Using DoltHub as a Remote for Hosted Dolt
We have two web products for Dolt: DoltHub and Hosted Dolt. DoltHub is GitHub for Dolt and Hosted is AWS RDS for Dolt. Each product has different use cases depending on your goals, but there are also reasons to use DoltHub and Hosted together. Easily build an online application based on a crowd-sourced database on DoltHub or isolate changes to your production database and sync on your schedule.

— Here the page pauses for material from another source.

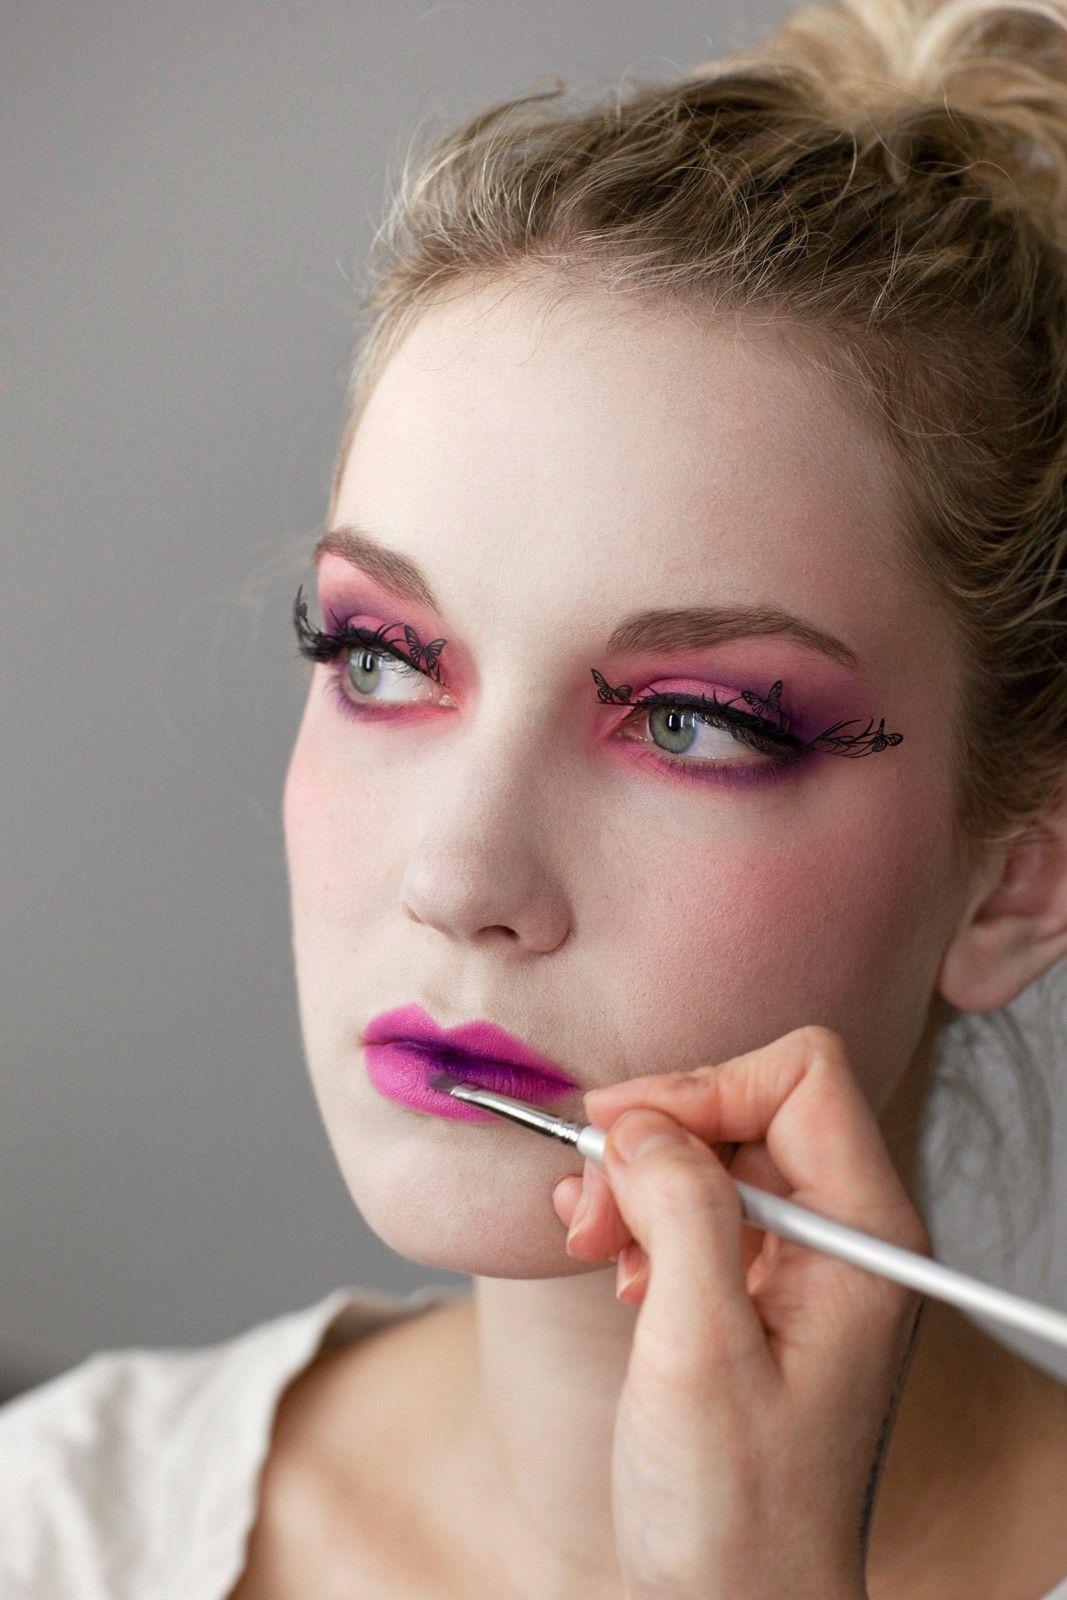 Effie Trinket Makeup Tutorial from the hunger games. I

To interact with DoltHub from your Hosted instance, you can use DoltHub as a
remote. We have SQL
remote operations such as dolt_clone
, dolt_pull
, and
dolt_push
that let you interact with remotes using SQL. However until recently we didn't
have an authentication model for Hosted that lets you clone private databases from DoltHub
or push to DoltHub databases you have write permissions to. You can now add Dolt
credentials to your Hosted instance to enable these actions.
How it works
When you use Dolt on the command line to
interact with DoltHub or DoltLab to pull private databases or push to databases you have
permission to, you're required to run dolt
login
. This creates a new
public/private keypair for authenticating with doltremoteapi and adds it to your global
Dolt configuration. It then opens up your browser to your credential settings
page on DoltHub where you can add the
public key.
Since you don't have access to the command line from your Hosted instance, the process for adding credentials is a little different. When you create a deployment and select "Expose Dolt credentials" or add credentials to an existing deployment, our deployment manager service will generate Dolt credentials and add them to the global Dolt configuration on your instance. We store the public key so it is available in the settings tab of your deployment. Once you add this key to DoltHub, you can use SQL remote commands to clone, push, pull, and fetch from public or private databases.
An example
A few months ago Tim wrote a blog about connecting Dolt via Hosted to Google Looker Studio to show how Dolt can add a versioning layer to your data or metrics. This blog was written before cloning private DoltHub databases was available. Usually people want their metrics data to be private, so we'll add to the example in the blog by showing how you can interact with a private database on DoltHub from Hosted.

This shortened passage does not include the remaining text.